Le Furet est un film plus tardif et l’un des derniers rôles de Jacques Villeret qui le produisit. Il incarne ici un personnage tout à fait ordinaire, serrurier de profession, qui exécute des contrats afin de pouvoir gagner les rangs de la mafia et avoir accès « aux belles blondes et au champagne ». A partir d’une trame de série noire, Mocky livre à nouveau une comédie-guérilla où un personnage commun, œuvrant de manière souterraine (le métro est un des décors principaux du film), devient le révélateur des turpitudes des puissants. Le film est sans doute un poil plus bâclé que les trois précédents mais il n’est pas moins réjouissant puisqu’on y retrouve Serrault et Lonsdale en ponte de la mafia, avec ce génie du travestissement et du cabotinage qui caractérise toute l’œuvre de Mocky. Encore une fois, les silhouettes sont des masques qui défilent dans un carnaval improbables (voir Karl Zéro et Dick Rivers en hommes de main plus ou moins couards des gangsters). Comme dans un carnaval, il y a retournement des rôles sociaux et le plus modeste devient celui qui mène le bal et qui dévoile le ridicule de l’organisation sociale hiérarchisée. Là encore, on retrouve le sens de l’humour macabre du cinéaste (la romance entre le flic et la médecin légiste), son goût pour les situations les plus rocambolesques et « les anomalies sexuelles de pointe » [Godin] (voir la manière dont Villeret honore son épouse tous les lundis selon un cérémonial assez désopilant).

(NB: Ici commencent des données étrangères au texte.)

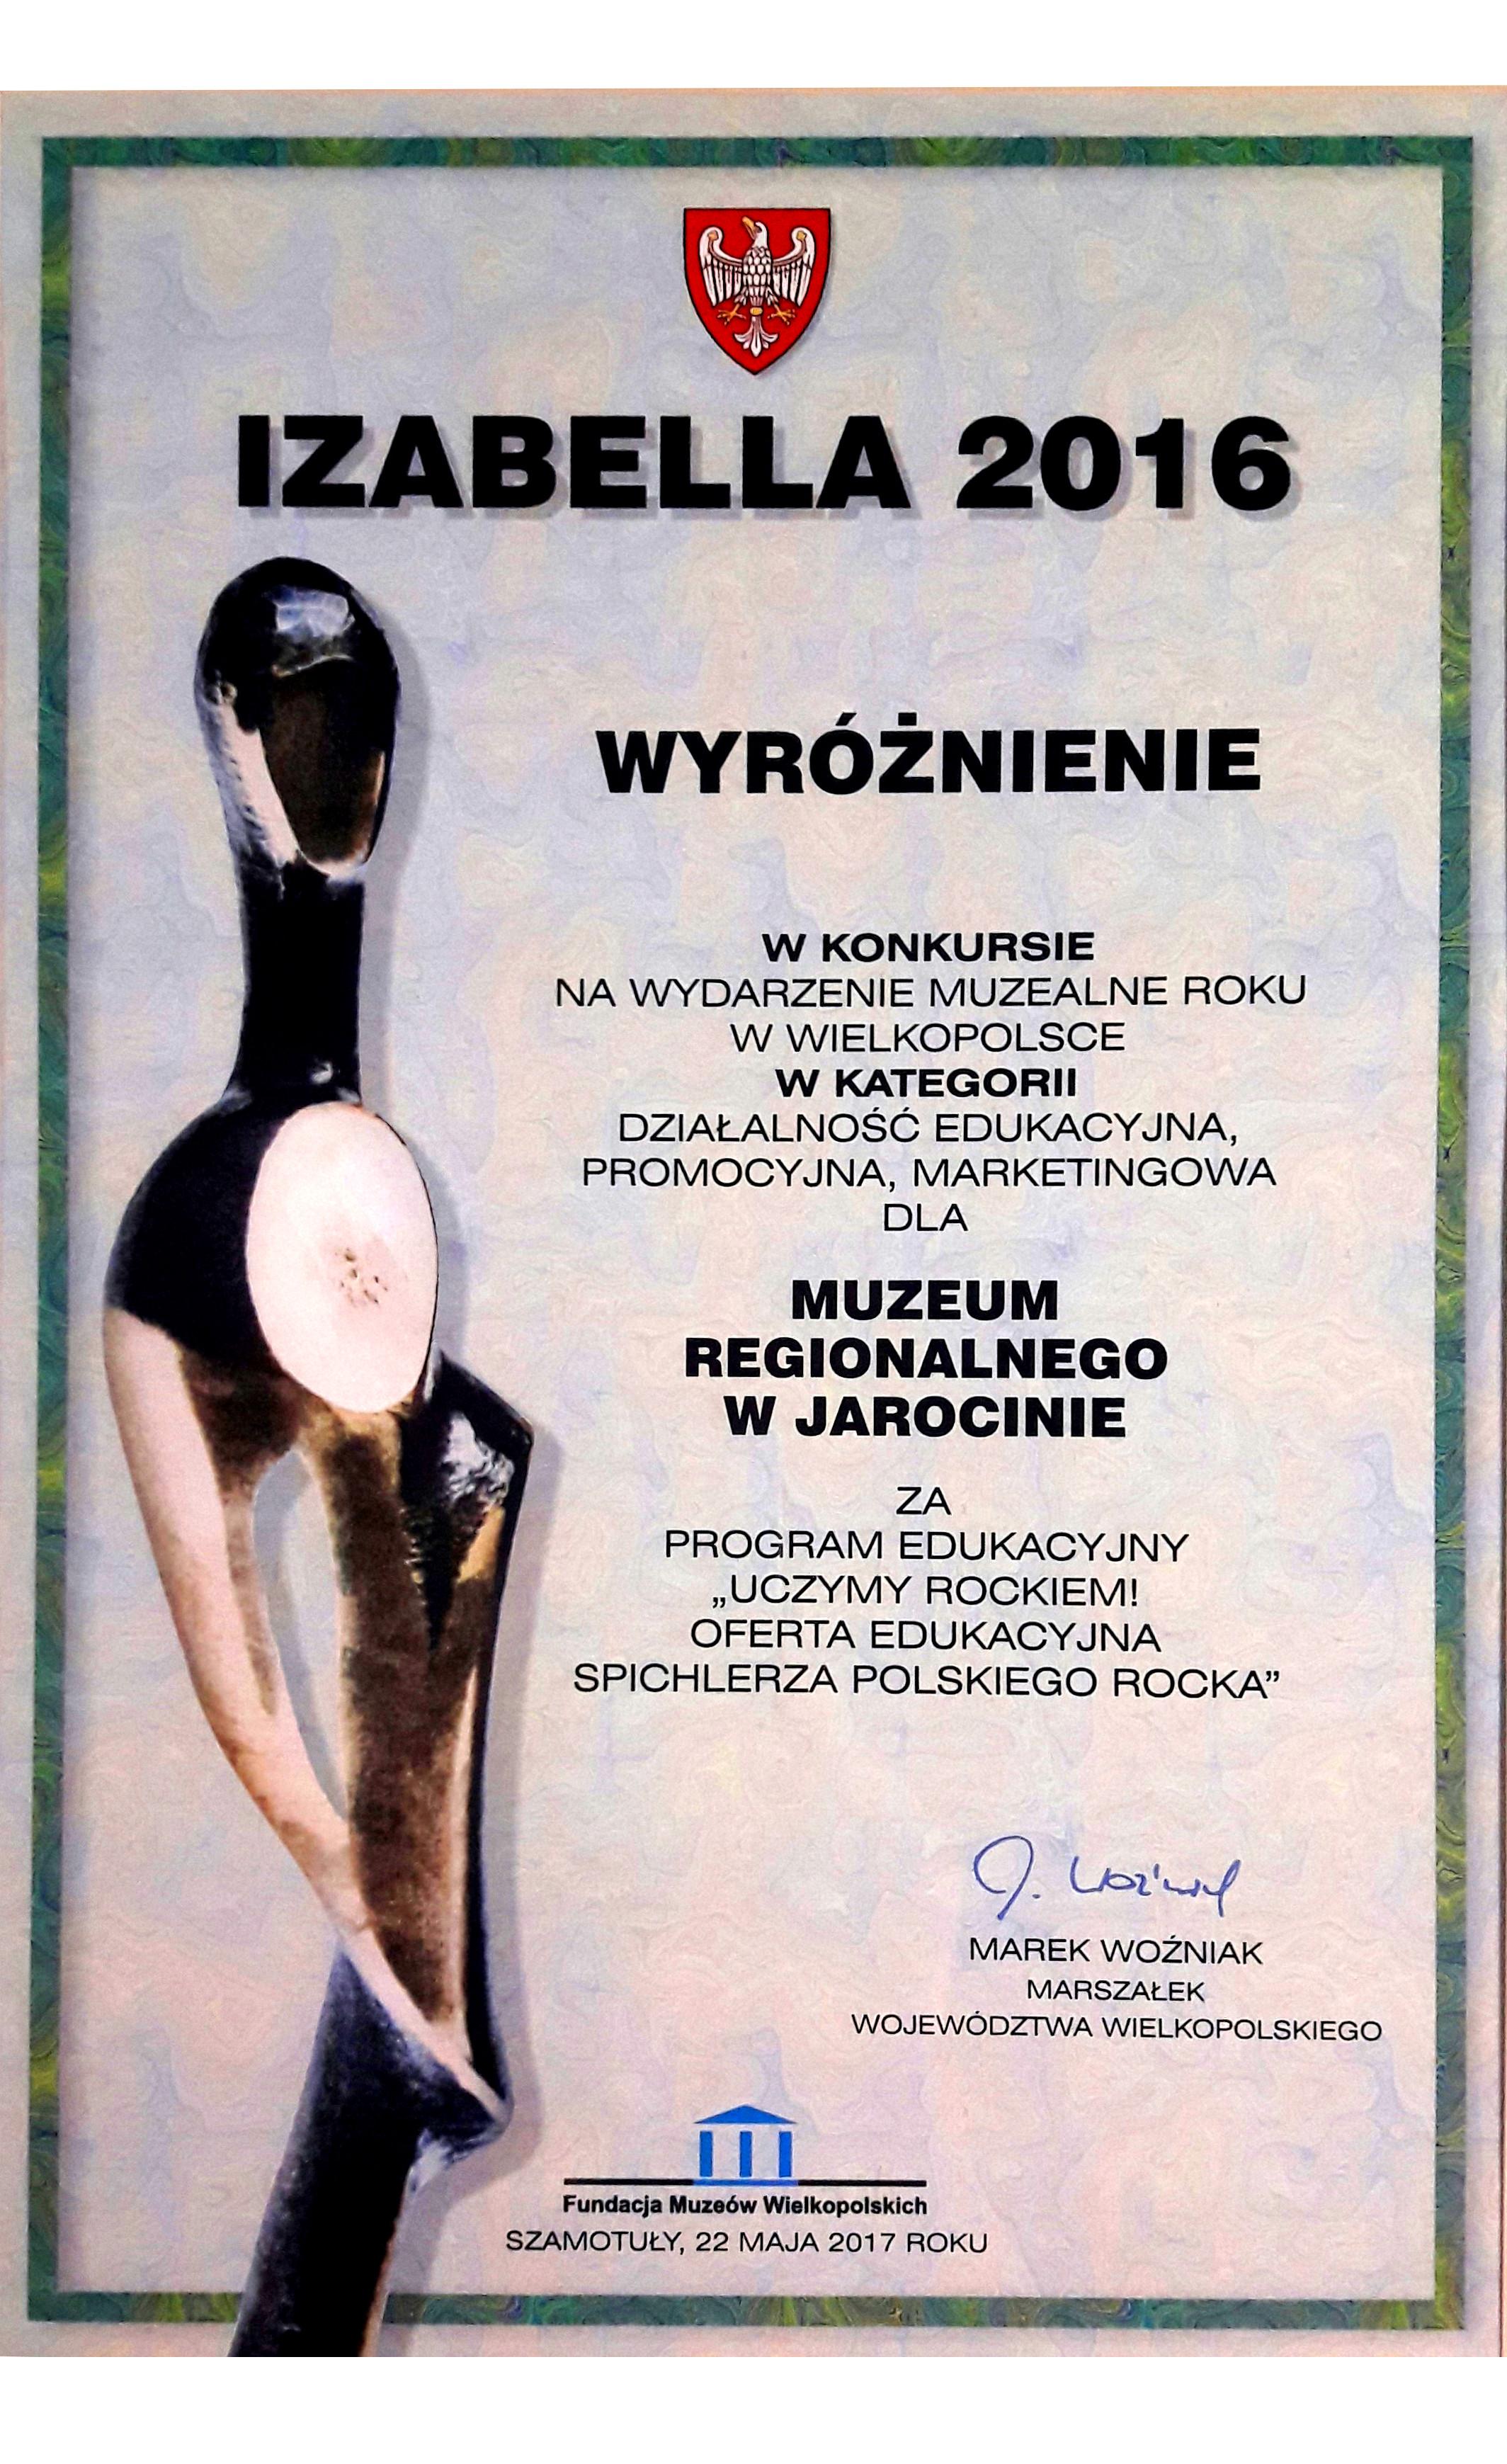 """Spichlerz Polskiego Rocka wyróżniony w prestiżowym konkursie muzealnym """"Izabella 2016""""!"""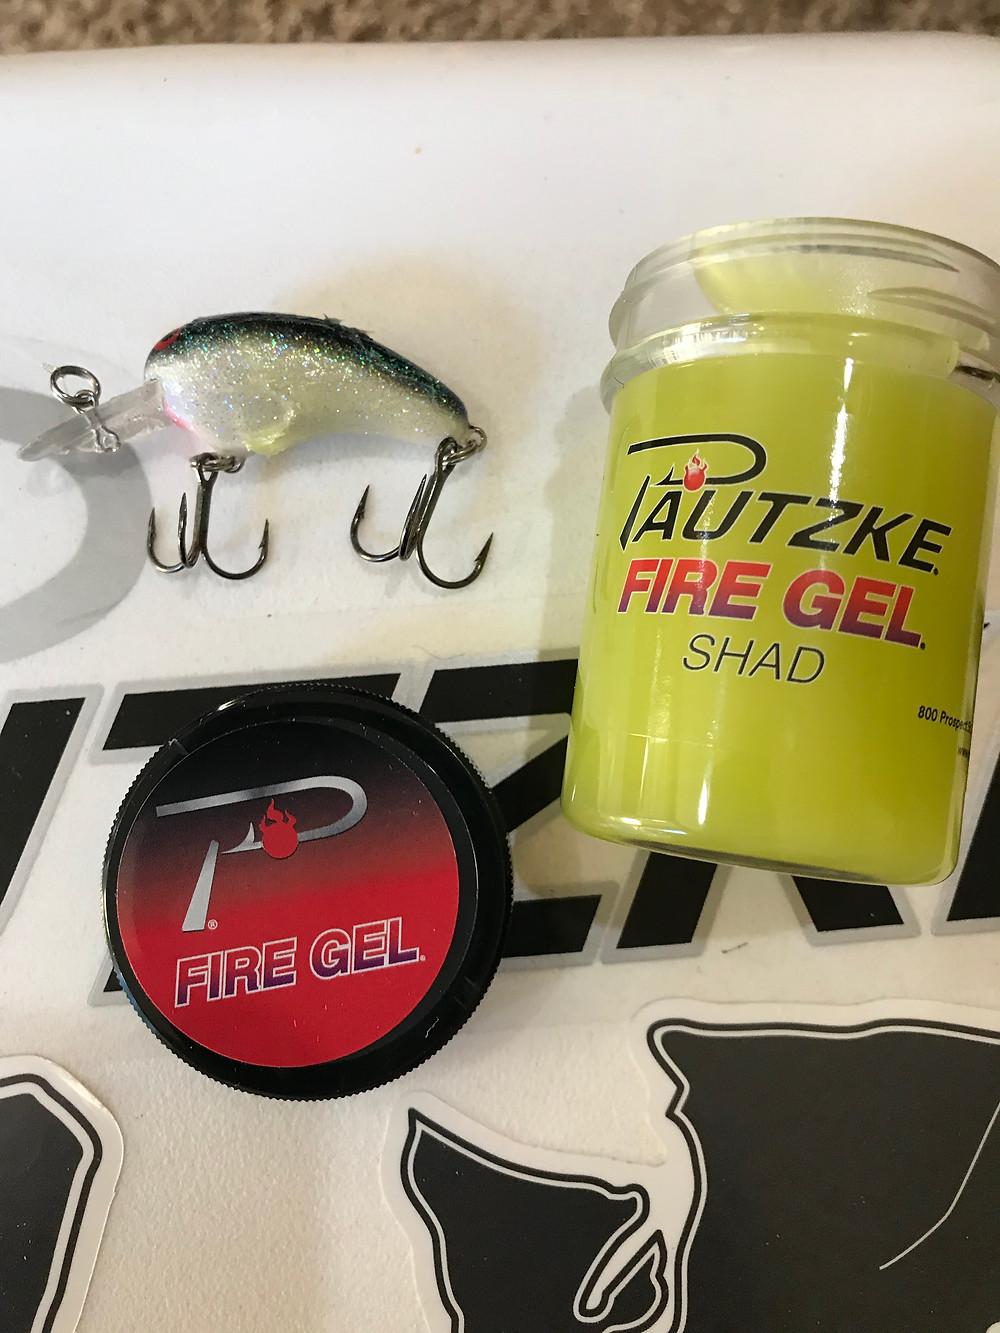 Pautzke Fire Gel Shad Flavor

Si le cinéma de Mocky est si précieux, c’est qu’il fait toujours fi du « bon goût » et que sa verve destructrice ne prend pas la forme du rire mesquin et cynique. Jamais il ne prend de haut ses personnages clownesques mais nous plonge au cœur d’un monde qui mériterait d’être entièrement rebâti. Son goût pour le grotesque, les situations absurdes et les délires carnavalesques donnent à son cinéma une puissance et une singularité qui n’ont pas pris une ride. Et ces rééditions en DVD viennent nous le rappeler à point nommé…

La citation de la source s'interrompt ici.